# For those who use heat transfer vinyl and plastisol transfer...



## danni214 (Oct 21, 2014)

Hey, 
What determines if you are going to use heat transfer vinyl or plastisol transfers?


----------



## splathead (Dec 4, 2005)

Order quantity. Vinyl is great for one-off's, or low quantity orders. Plastisol transfers are super expensive for low quantity orders. 
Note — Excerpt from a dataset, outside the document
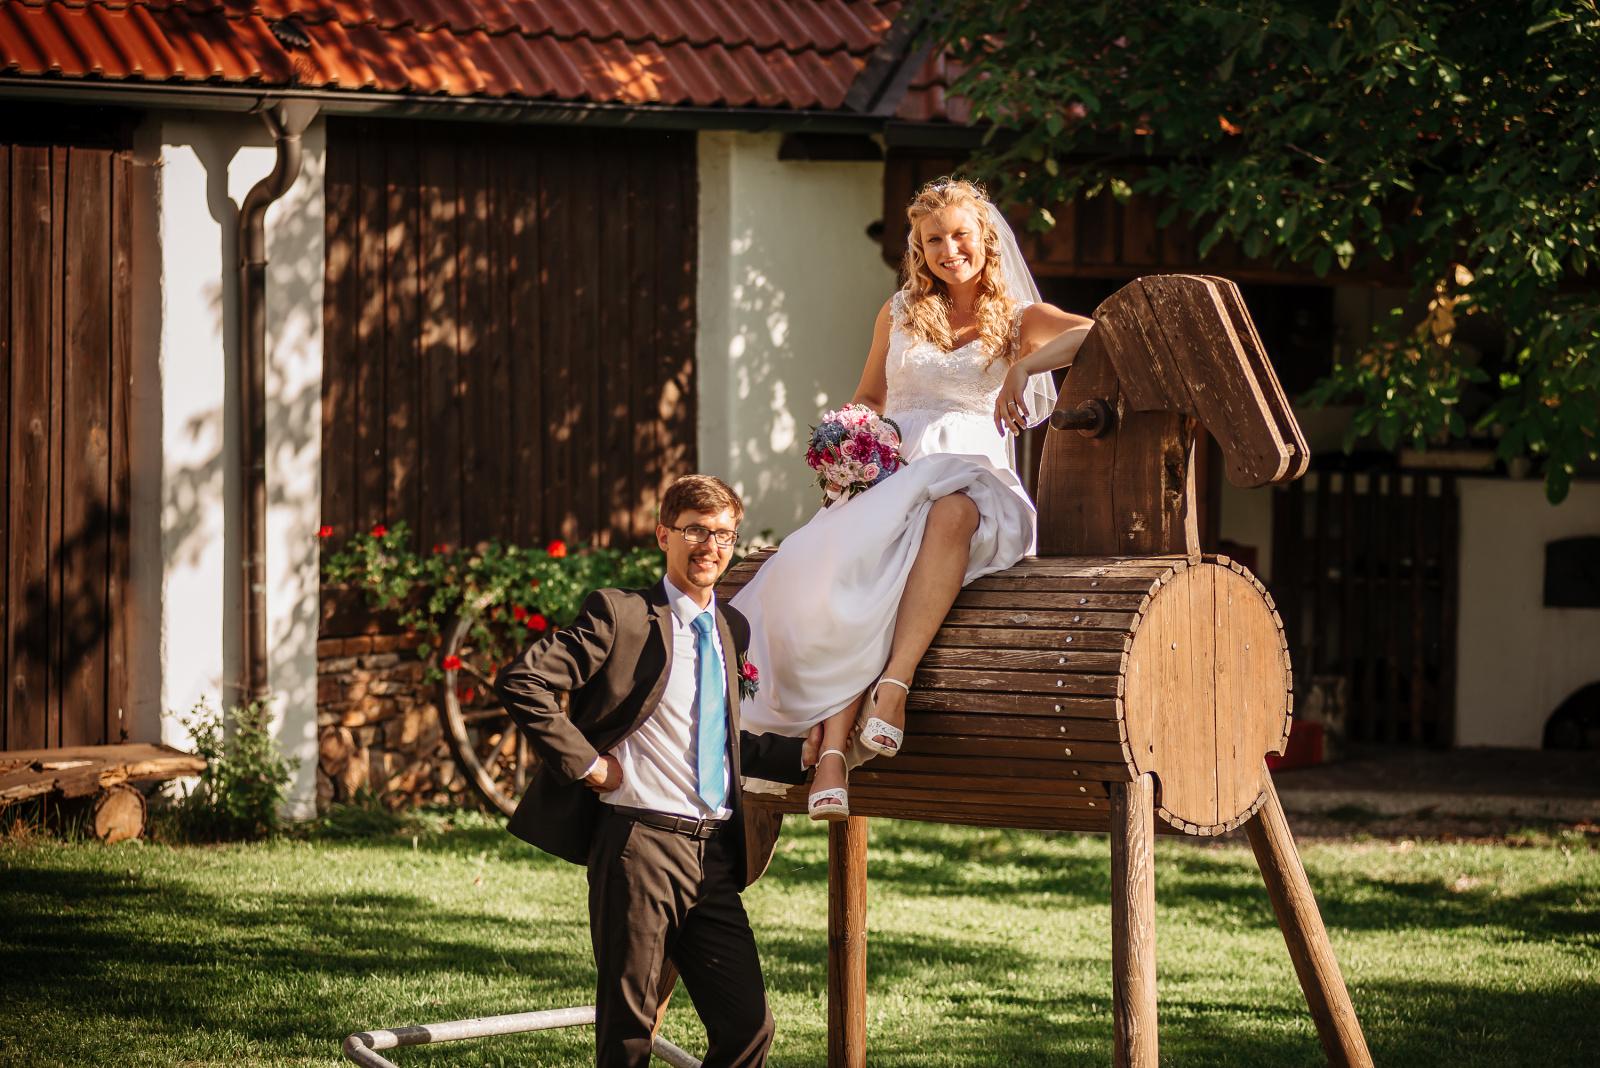 svatba na samotě u houpacího koně

Vinyl can get expensive and cumbersome (weeding) for larger orders.


----------



## jleampark (Sep 6, 2007)

Ditto. My breakeven point is around 30-40. Fewer than that, vinyl is moire cost-effective; more, the winner is plastisol.


----------



## wormil (Jan 7, 2008)

1. quantity 2. complexity

less than 12 = vinyl
12+ = plastisol


----------



## danni214 (Oct 21, 2014)

Thank you all!


----------



## Hubcap (Mar 16, 2015)

Thanks for the info, new to the business, looking forward to doing some plastisol transfers. Notice they are quite expensive. Gonna get some samples to try and see what happens. Burned up my cover on my heat press, somebody had said use hydrogen peroxide if you had yellowing. Well I must have applied to much. Also learned that store bought shirts have starch and makes them yellow. great advice on here.


----------